## DATA EXCERPT
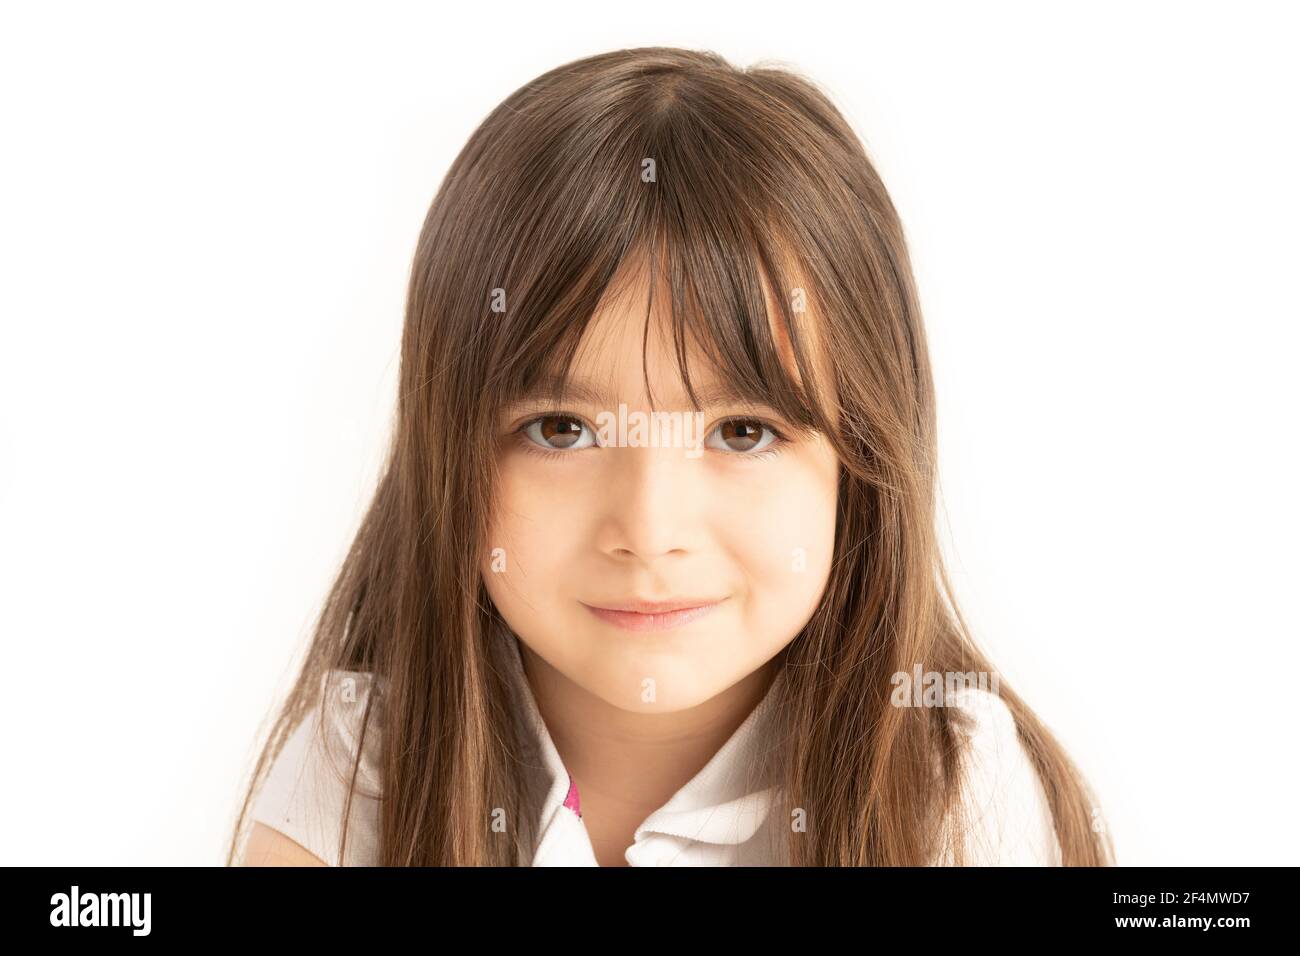 Kleines Mädchen von fünf Jahren schaut direkt in die Augen auf weißem Hintergrund Stockfoto
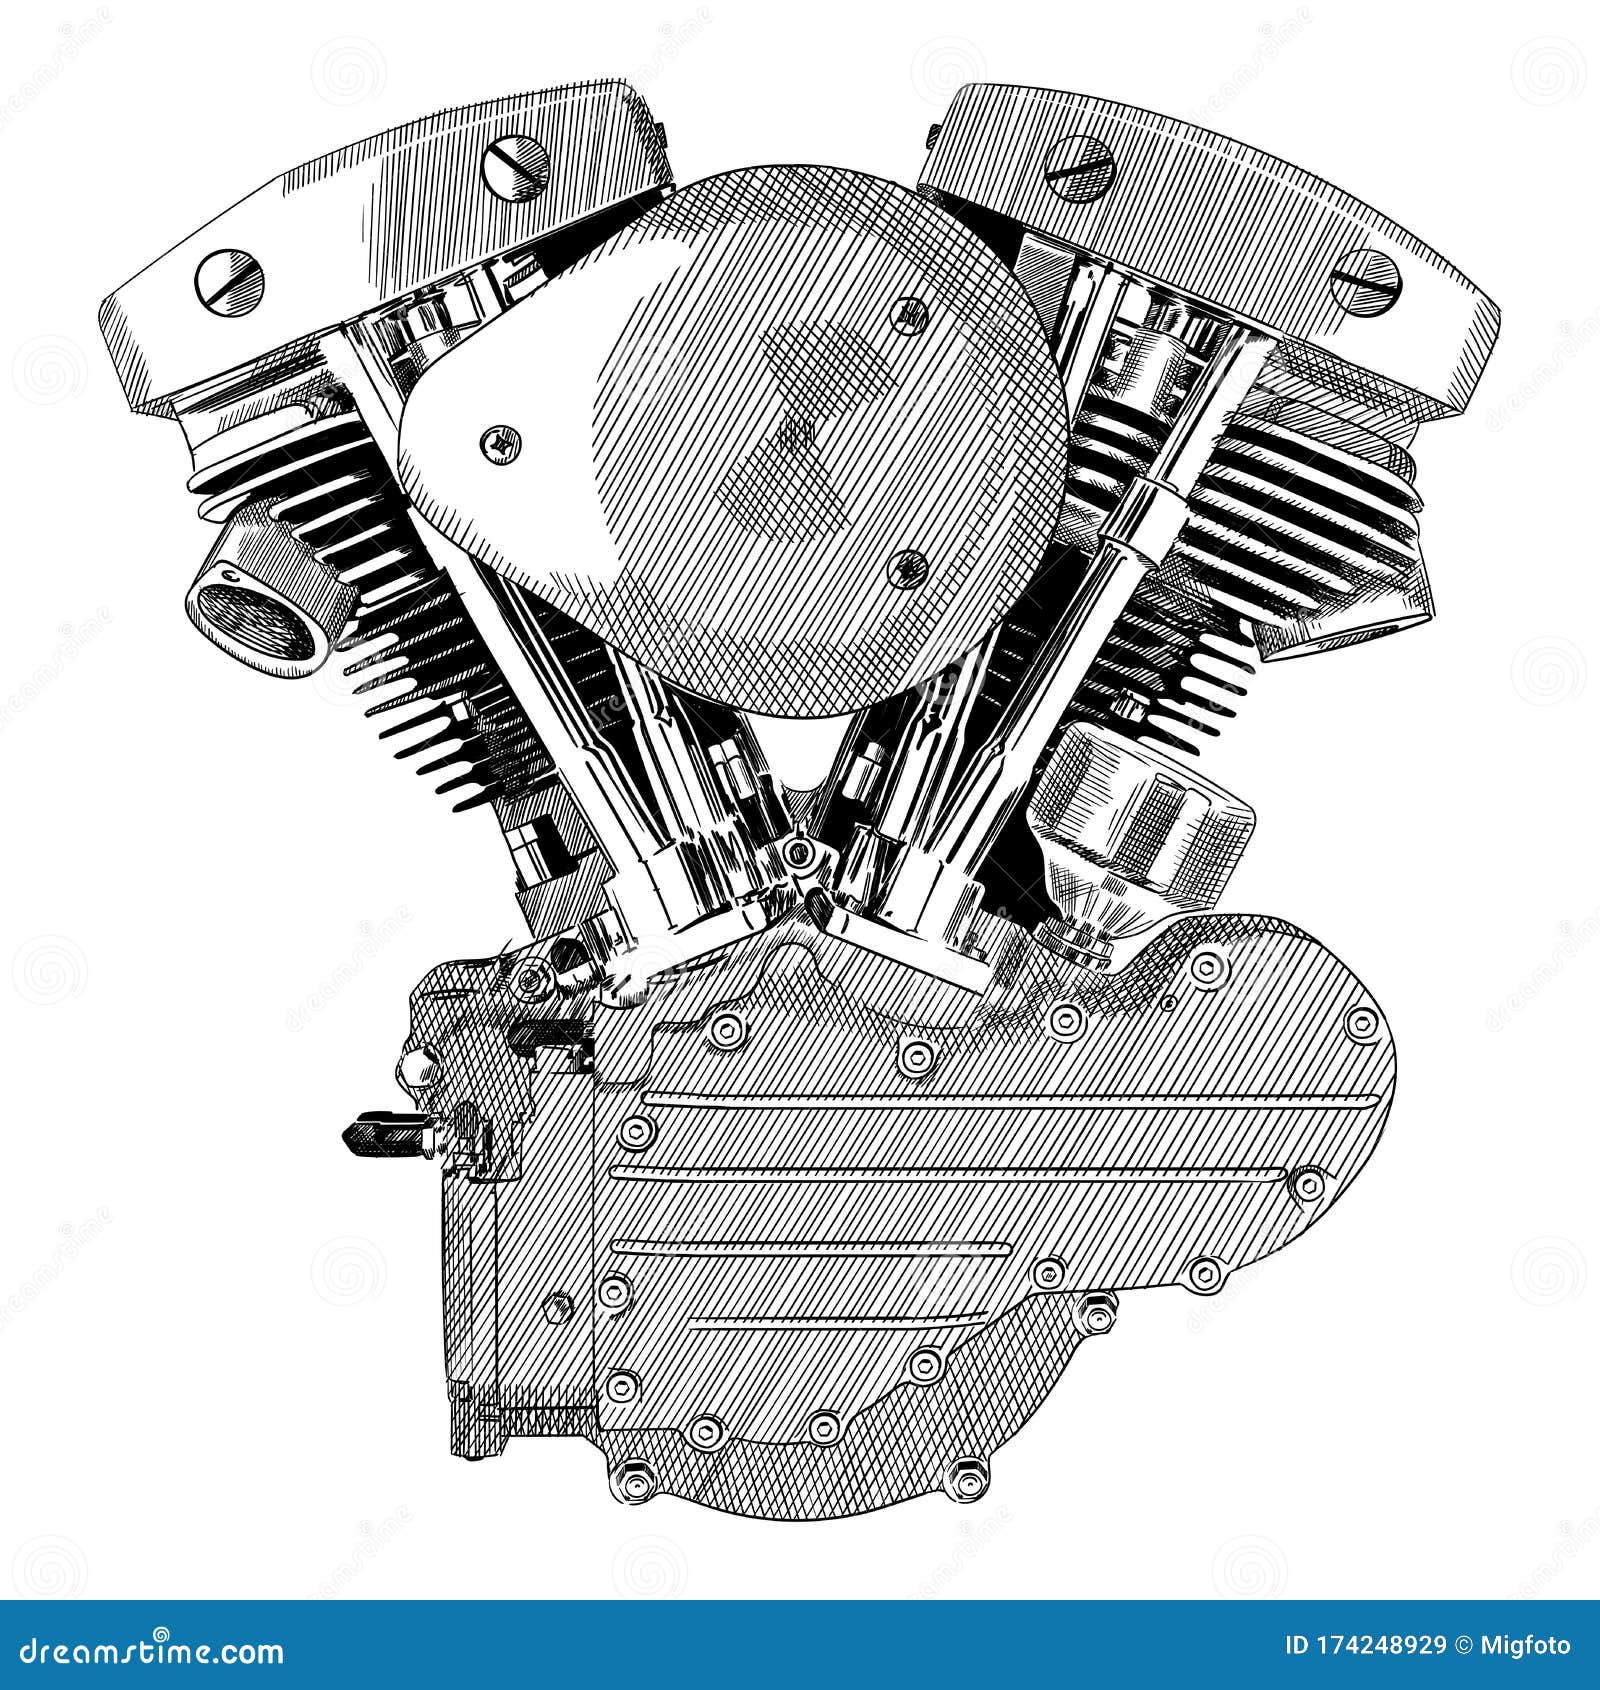 Baixar - Motor de moto — Ilustração de Stock #82045890
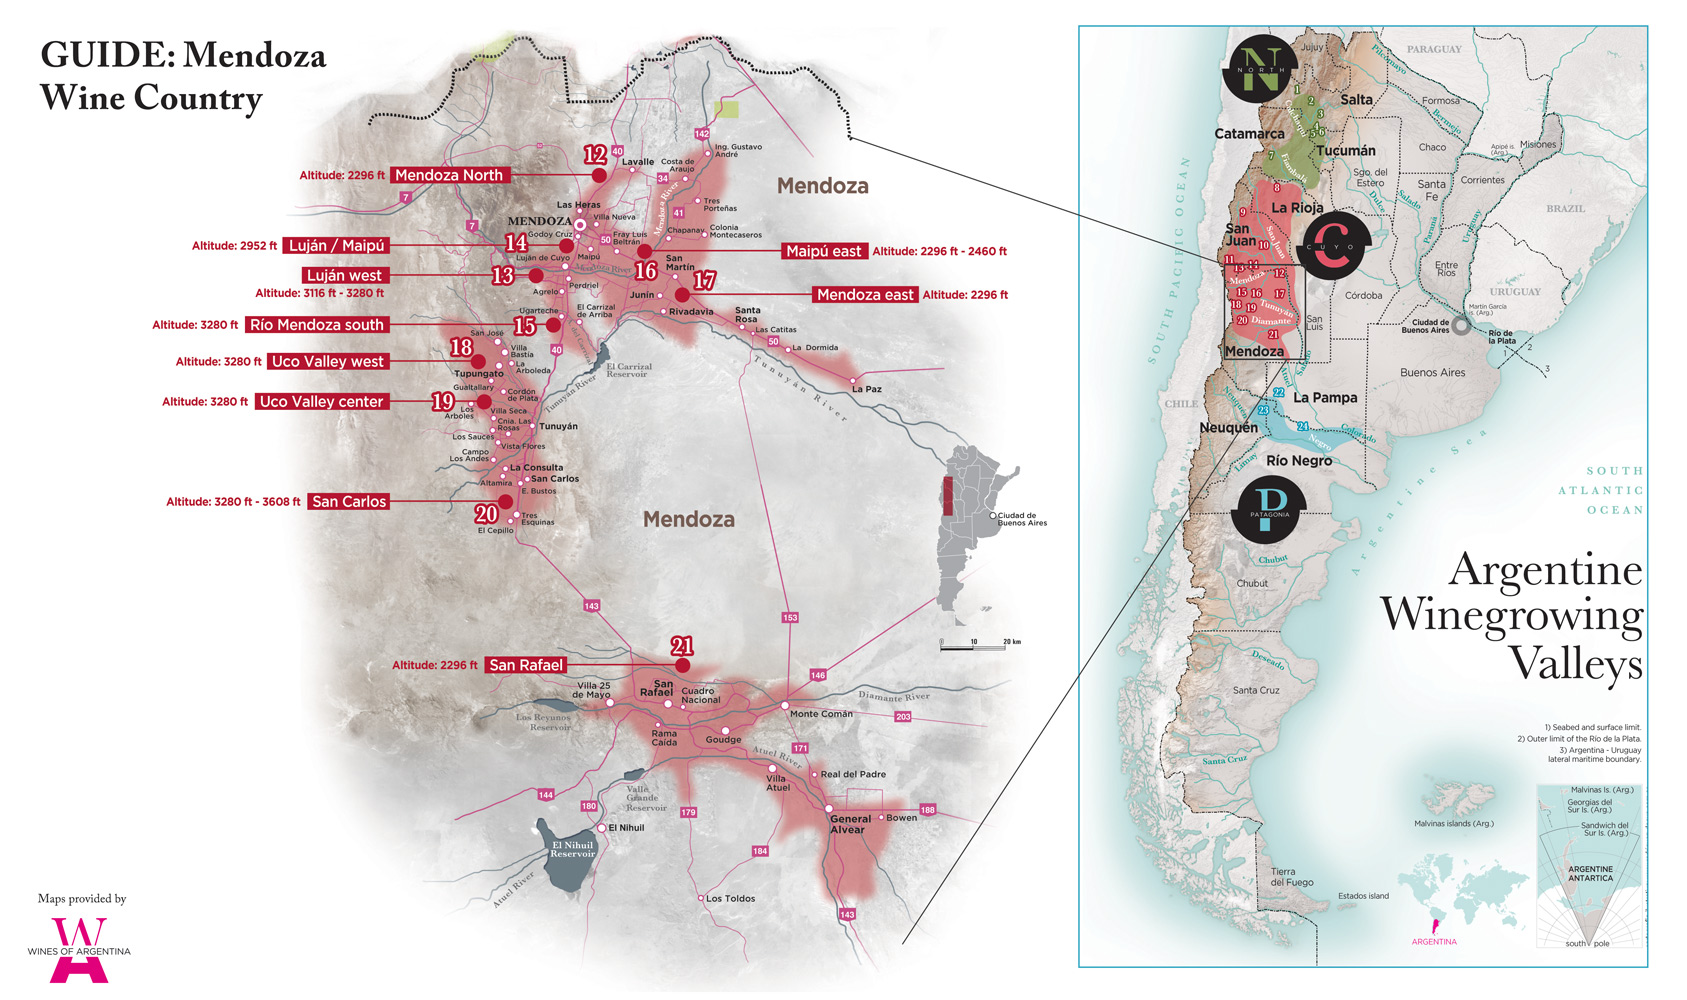 Mendoza - Argentina's Largest Wine Region
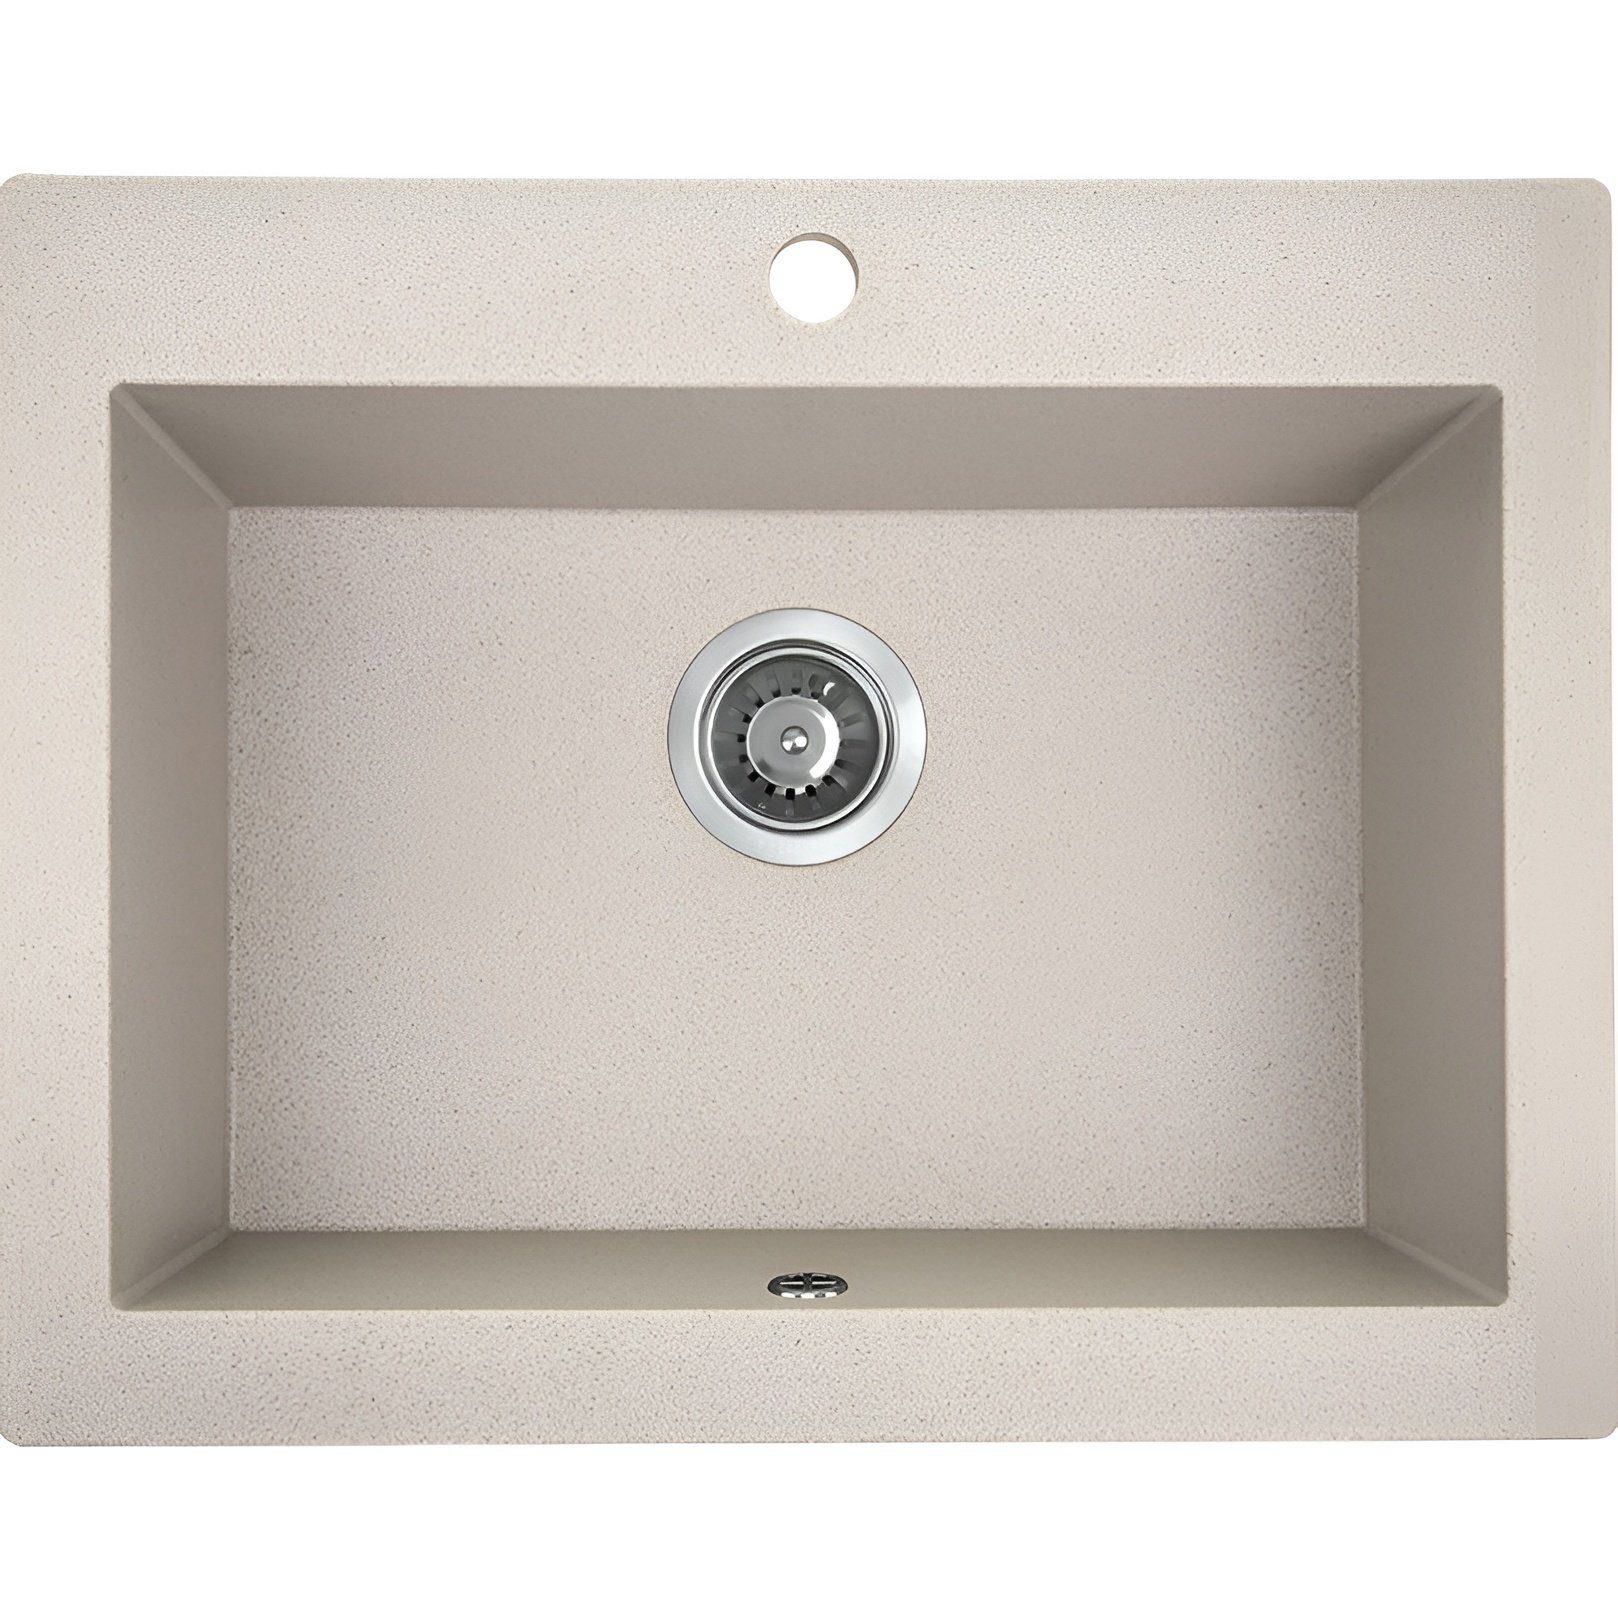 KOLMAN Küchenspüle Einzelbecken Komodo Granitspüle, Rechteckig, 49/58 cm, Beige, Space Saving Siphon GRATIS

## EXERCISE BRIEF
Write every line above out again exactly; pictures do not belong in the copy.

## RESPONSE FOR THIS EXERCISE
 Kleines Mädchen von fünf Jahren schaut direkt in die Augen auf weißem Hintergrund Stockfoto
 Baixar - Motor de moto — Ilustração de Stock #82045890
 Mendoza - Argentina's Largest Wine Region
 KOLMAN Küchenspüle Einzelbecken Komodo Granitspüle, Rechteckig, 49/58 cm, Beige, Space Saving Siphon GRATIS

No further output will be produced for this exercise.